__What needs to be done__: When you reach the line containing "2017 The Flash", start transcribing exactly and continue through the last line of the data, skipping every picture.

__Information supplied__:
>>>
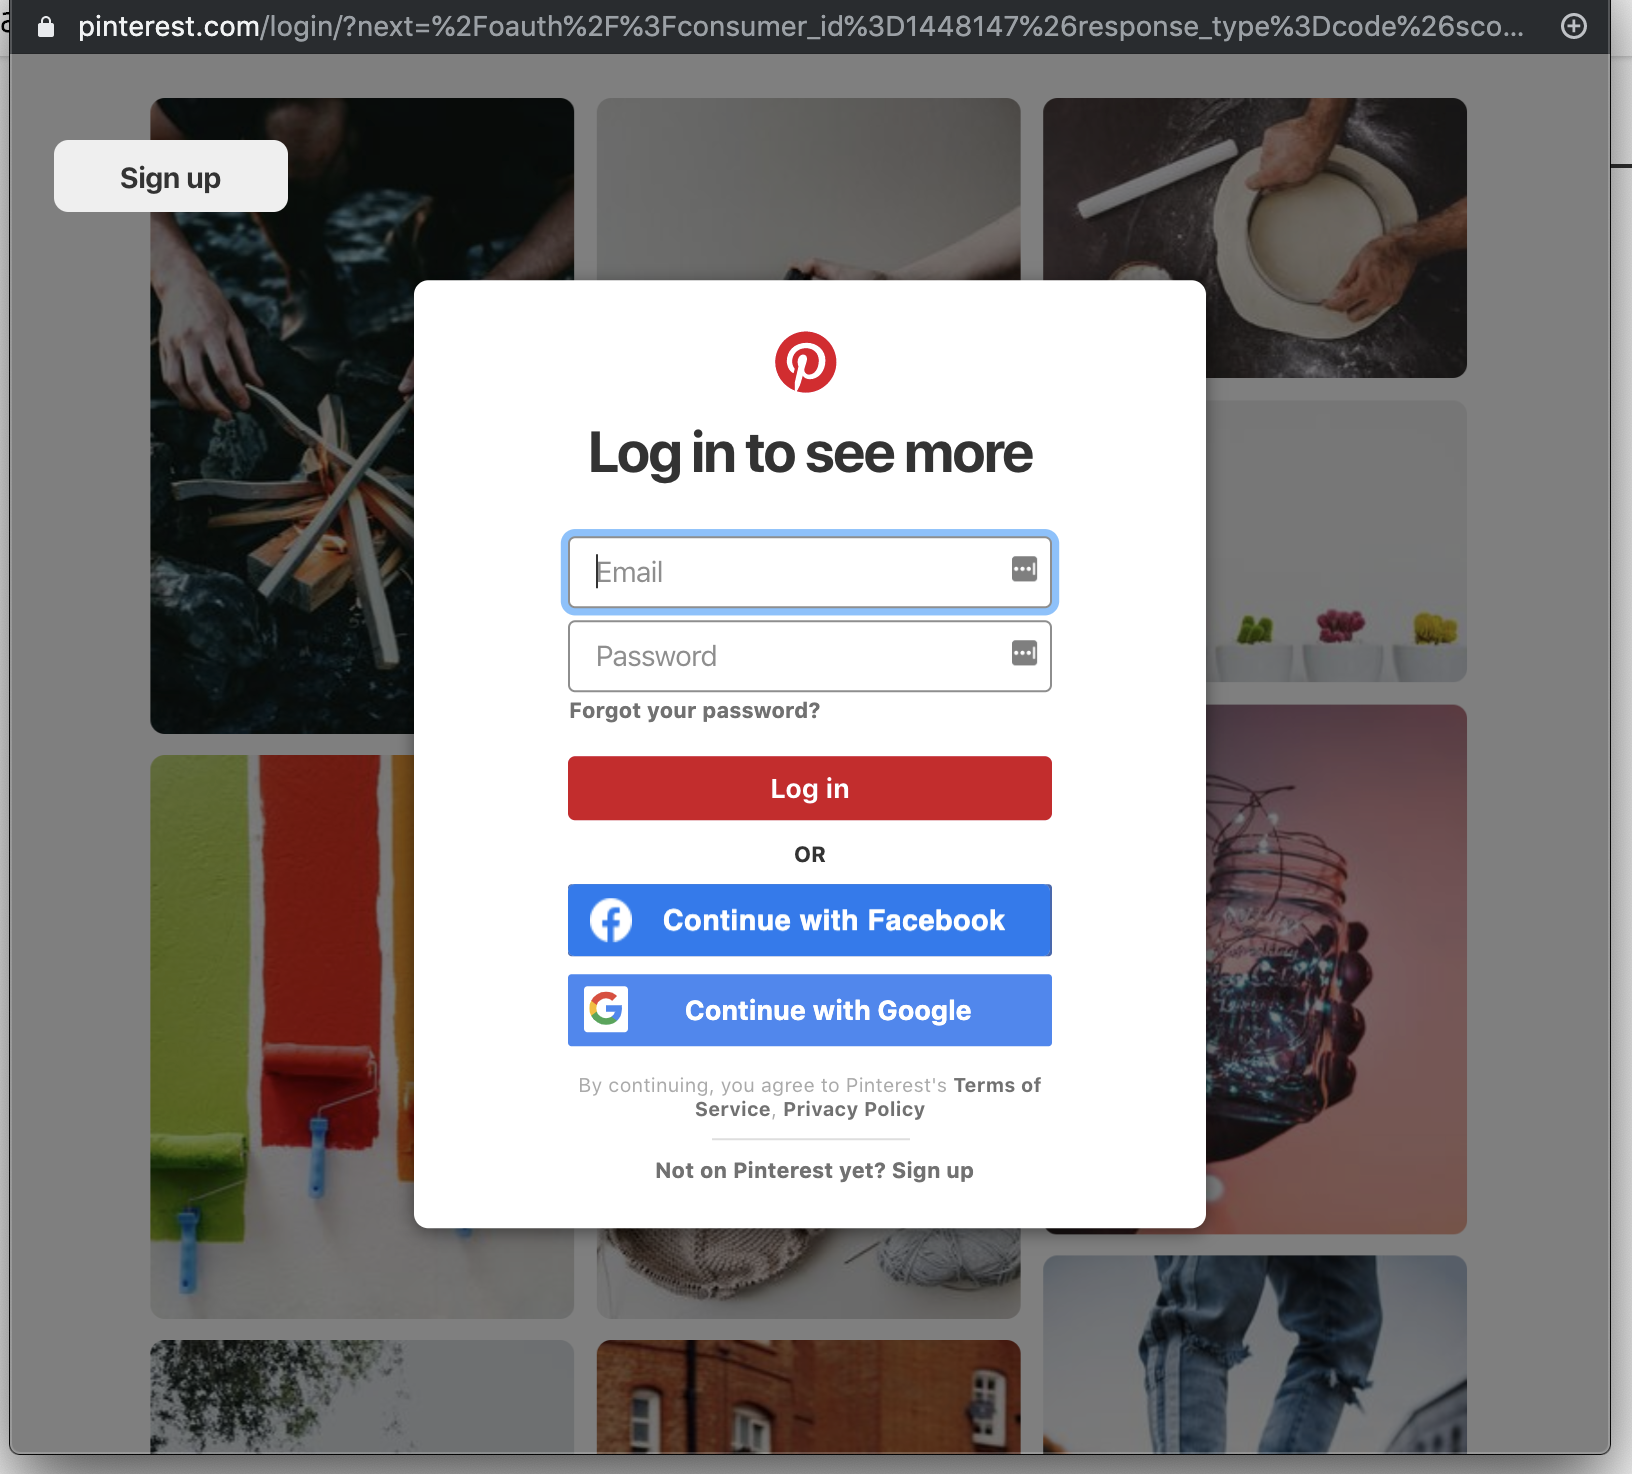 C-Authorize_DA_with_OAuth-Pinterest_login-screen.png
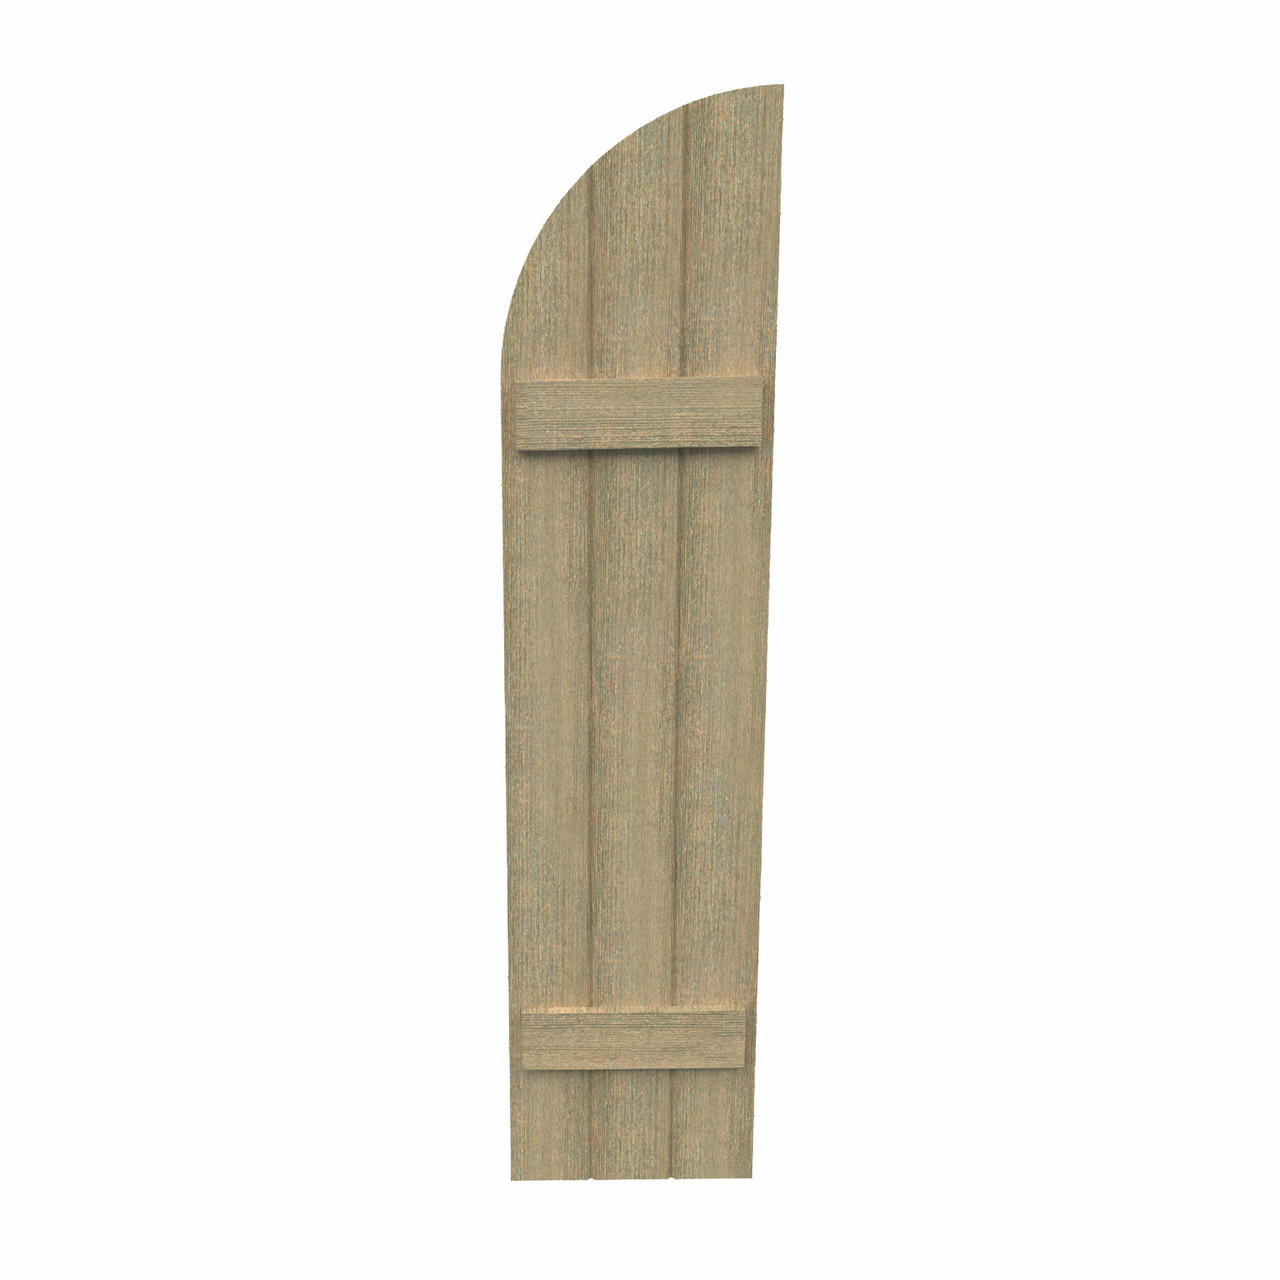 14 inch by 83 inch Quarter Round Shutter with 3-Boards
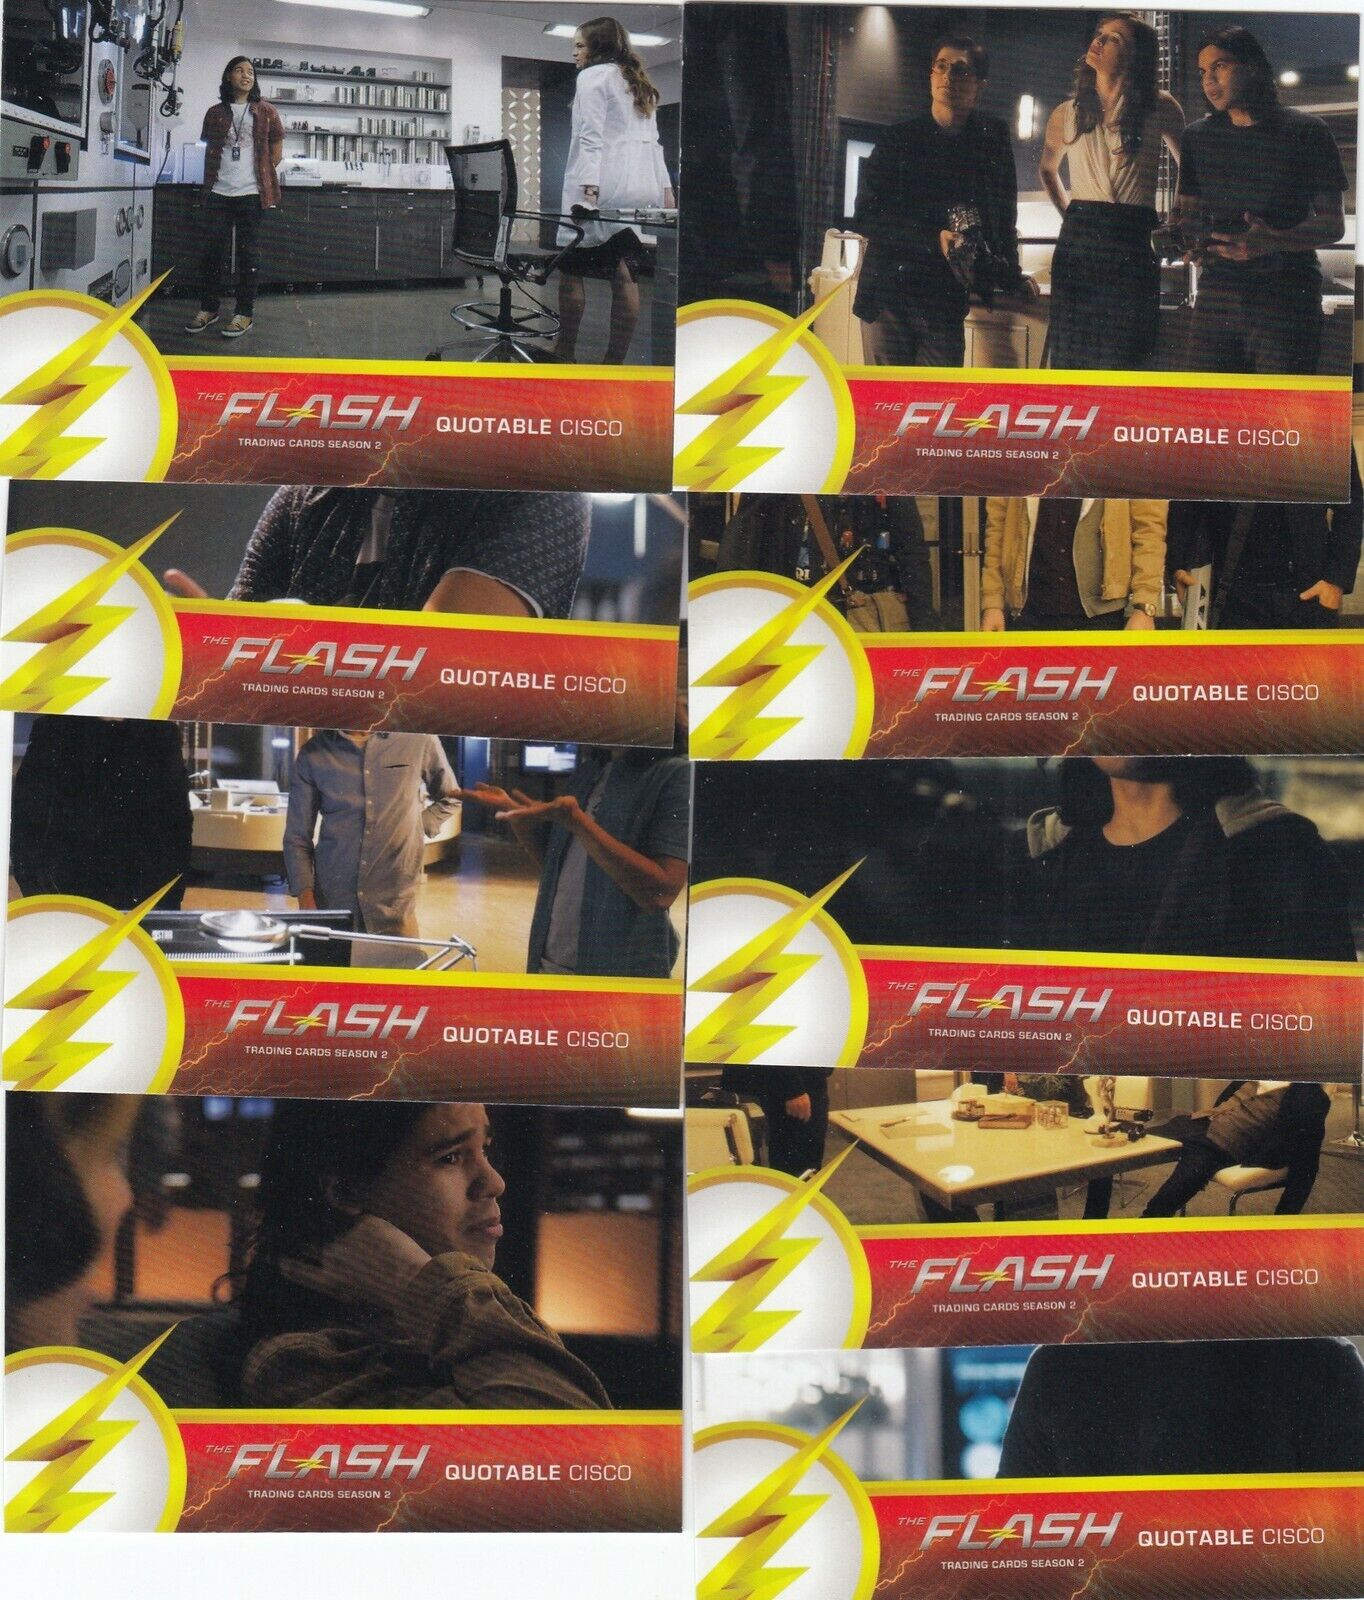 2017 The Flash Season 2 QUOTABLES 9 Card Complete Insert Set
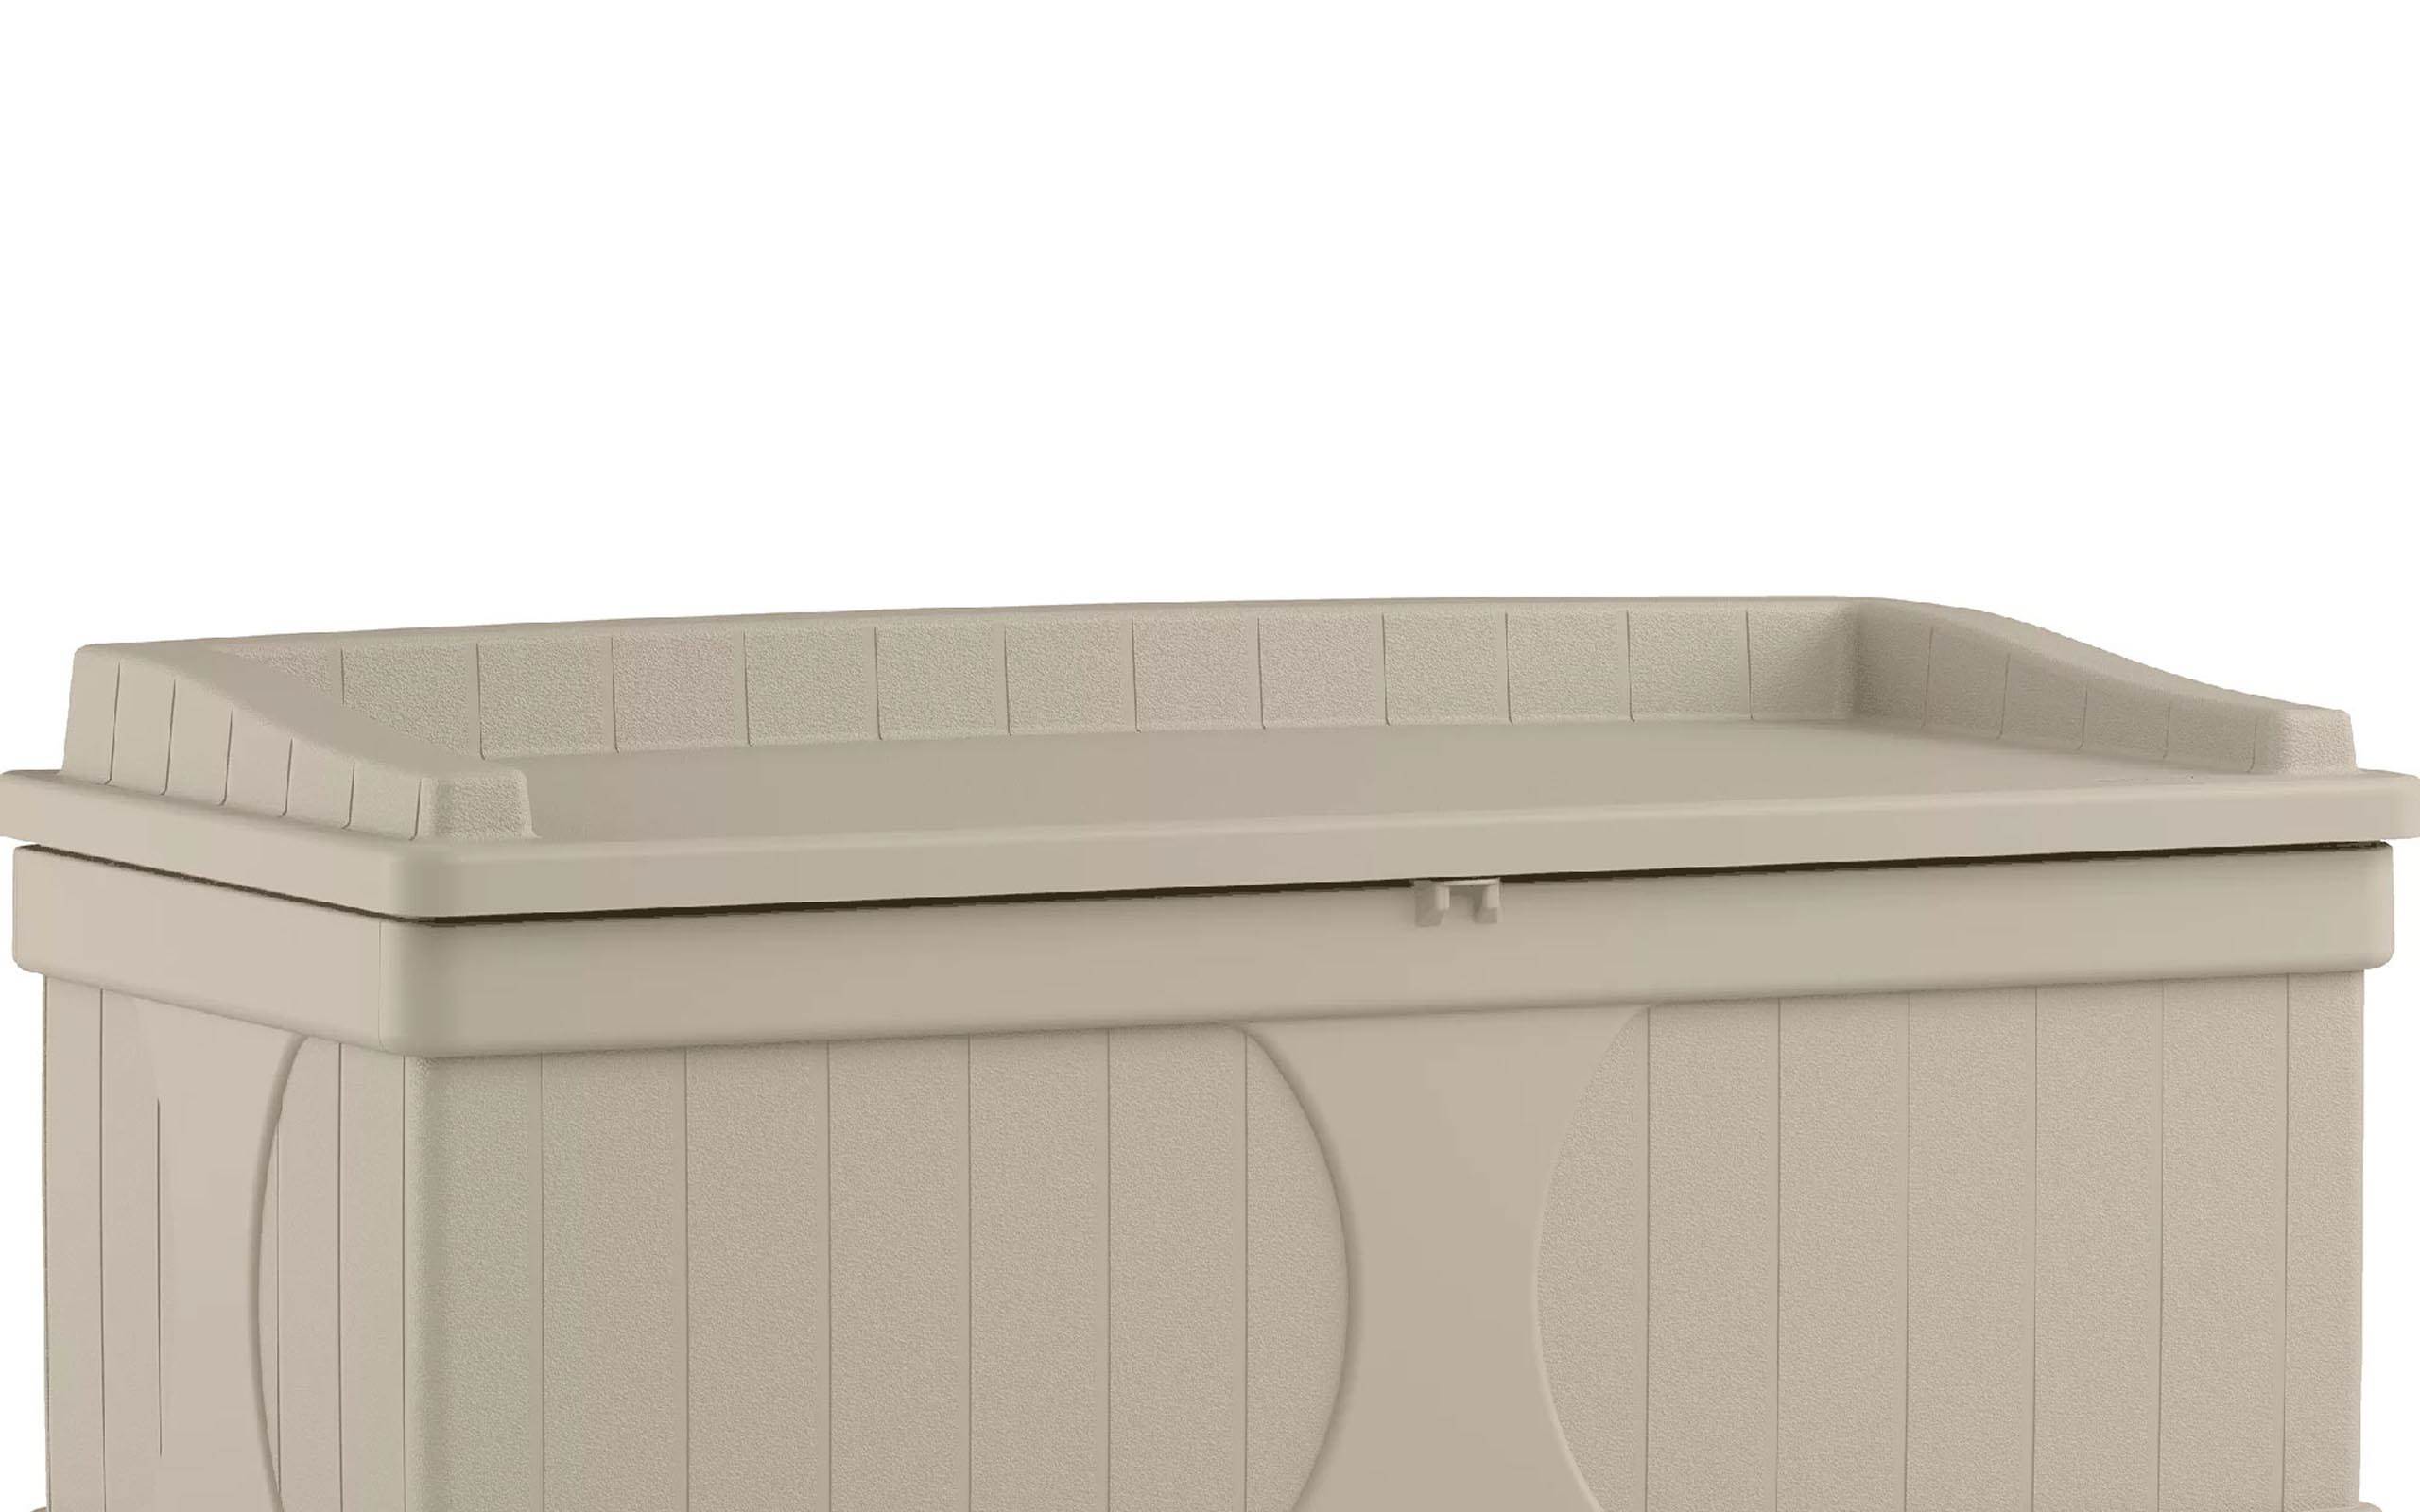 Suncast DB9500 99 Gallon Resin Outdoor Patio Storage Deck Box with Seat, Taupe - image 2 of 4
<<<
__Output of the exercise__:
 2017 The Flash Season 2 QUOTABLES 9 Card Complete Insert Set
 Suncast DB9500 99 Gallon Resin Outdoor Patio Storage Deck Box with Seat, Taupe - image 2 of 4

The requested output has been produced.